Despite the narrow range of phase SD in our population, when grouped into tertiles of phase SD, we found that there was a trend toward higher unadjusted annualized all-cause mortality with increasing phase SD. After adjusting for potential confounders, phase SD and similarly, histogram BW were independent predictors of mortality, and added incremental value to traditional clinical variables such as age and diabetes.

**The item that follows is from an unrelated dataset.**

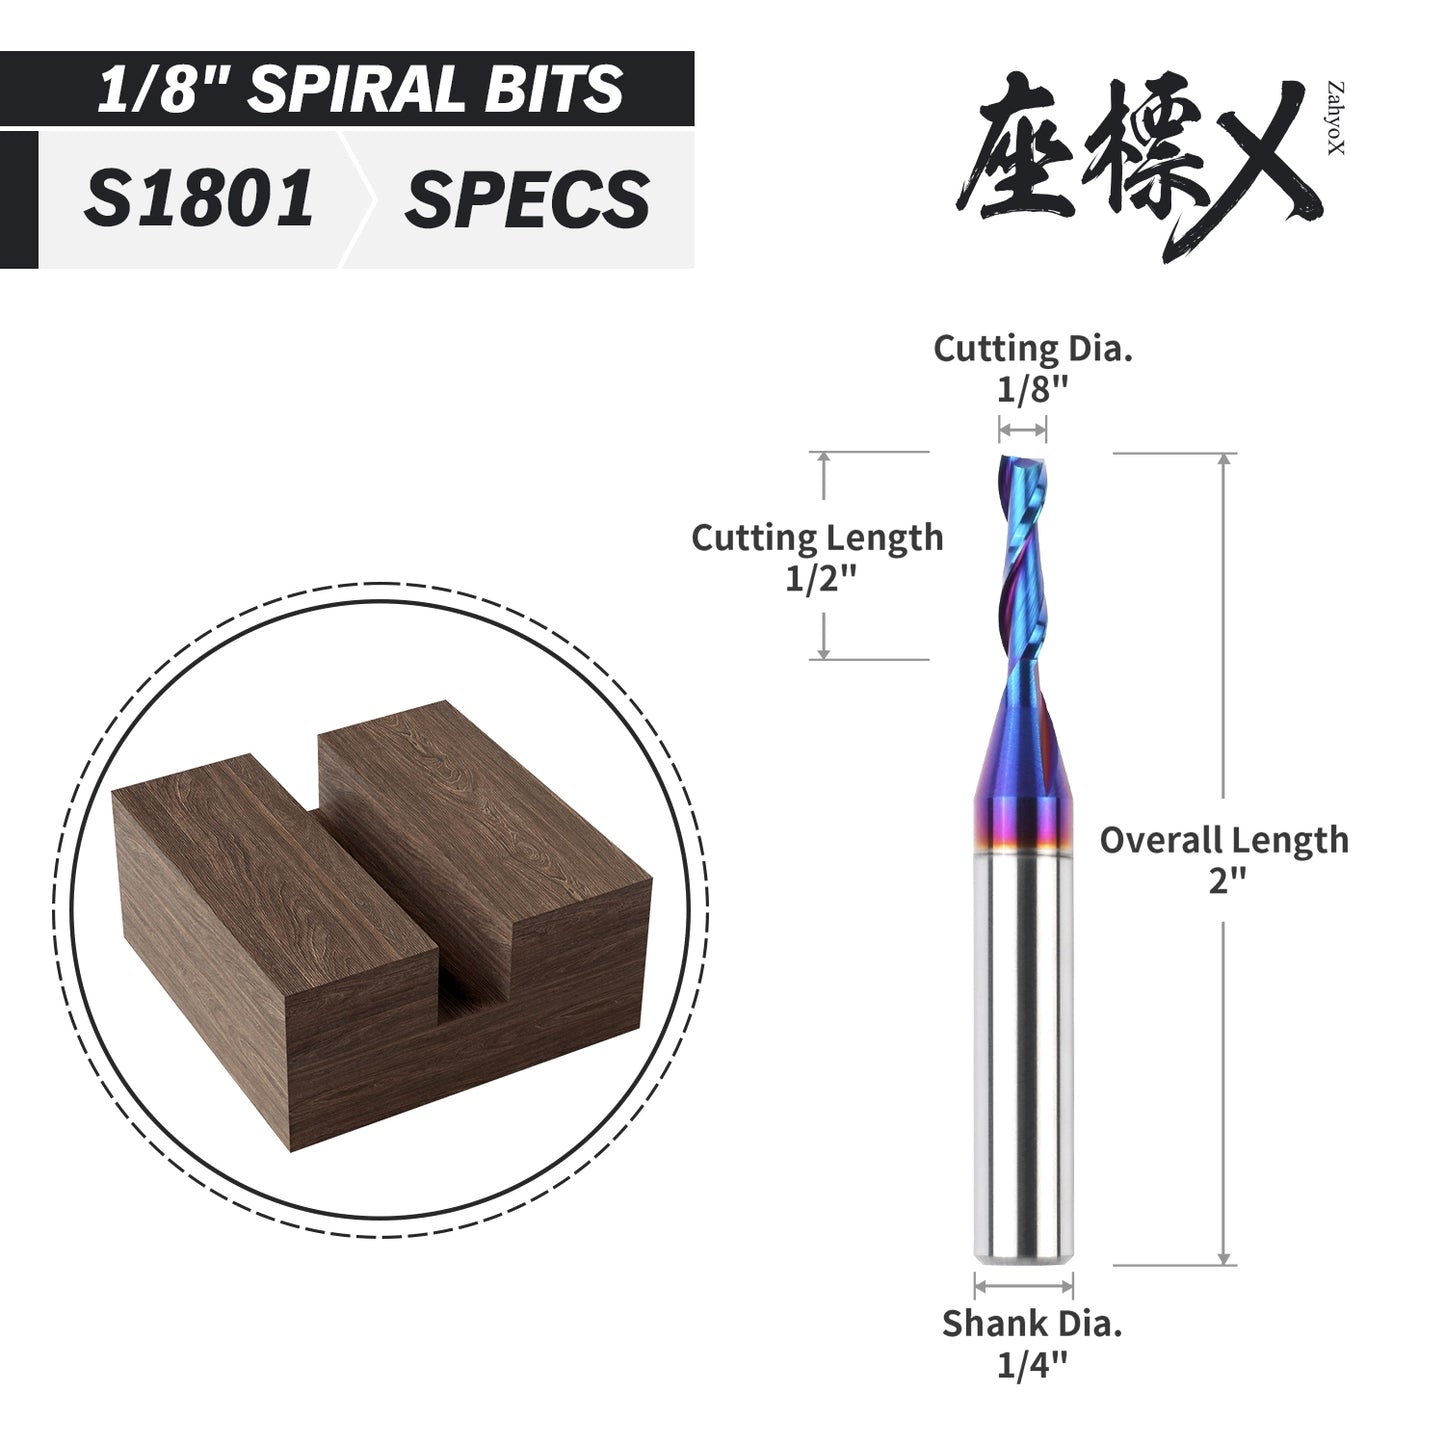 S1801 Solid Carbide nACo Coated Upcut Spiral Router Bit - 2 Flutes -  1/4 SD - 1/8 CD - 1/2 CL - 2 OL

These findings suggest that in patients thought to be relatively at low risk, increasing LVMD by phase analysis of gated SPECT-MPI identifies those at higher risk of death. The clinical and therapeutic implications of this finding warrant further investigation in large prospective studies.

Strength and Limitations

This is the largest study to our knowledge to evaluate the prognostic value of LVMD among patients with NICM, mild-to-moderate LV systolic dysfunction and normal-to-intermediate QRS durations. In this selected cohort, phase SD and BW were independent predictors of all-cause death after adjusting for traditional risk factors. However, we acknowledge several limitations. This is a retrospective study from a single tertiary center, with selection and referral biases. We excluded patients with EF < 35%, QRS > 150 ms, and those with ischemic cardiomyopathy since these groups were evaluated prior with significant data. Important variables such as heart failure symptoms and severity were not available in the database; however, we did account for the use of diueretics which can reflect the presence of heart failure symptoms but not the severity. We used all-cause mortality rather than cardiac death since the former does not need adjudication and is more accurate. The number of events was relatively small; however, we adjusted for up to nine covariates to avoid overpowering the Cox proportional hazard model. Finally, LVMD was obtained at one time only; whether it is dynamic and might have changed over time due to unknown factors or cofounders is unknown.

New Knowledge Gained

In the current study, LVMD has proven to be a useful non-invasive prognostic marker with incremental value in patients with NICM, mild LV systolic dysfunction and minimal to intermediate electrical dyssynchrony. In such cohort that has been thought to be at lower risk of events, as compared to those with ischemic cardiomyopathy and severe LV dysfunction, the presence of significant LVMD is associated with doubling of mortality.

Conclusion

Increased LV mechanical dyssynchrony in patients with mild-to-moderate, NICM, and narrow-to-intermediate QRS duration is an independent predictor of increased all-cause mortality, and adds incremental prognostic value beyond traditional risk factors. Future studies are needed to validate these findings, and evaluate the utility and applicability of such findings in clinical practice.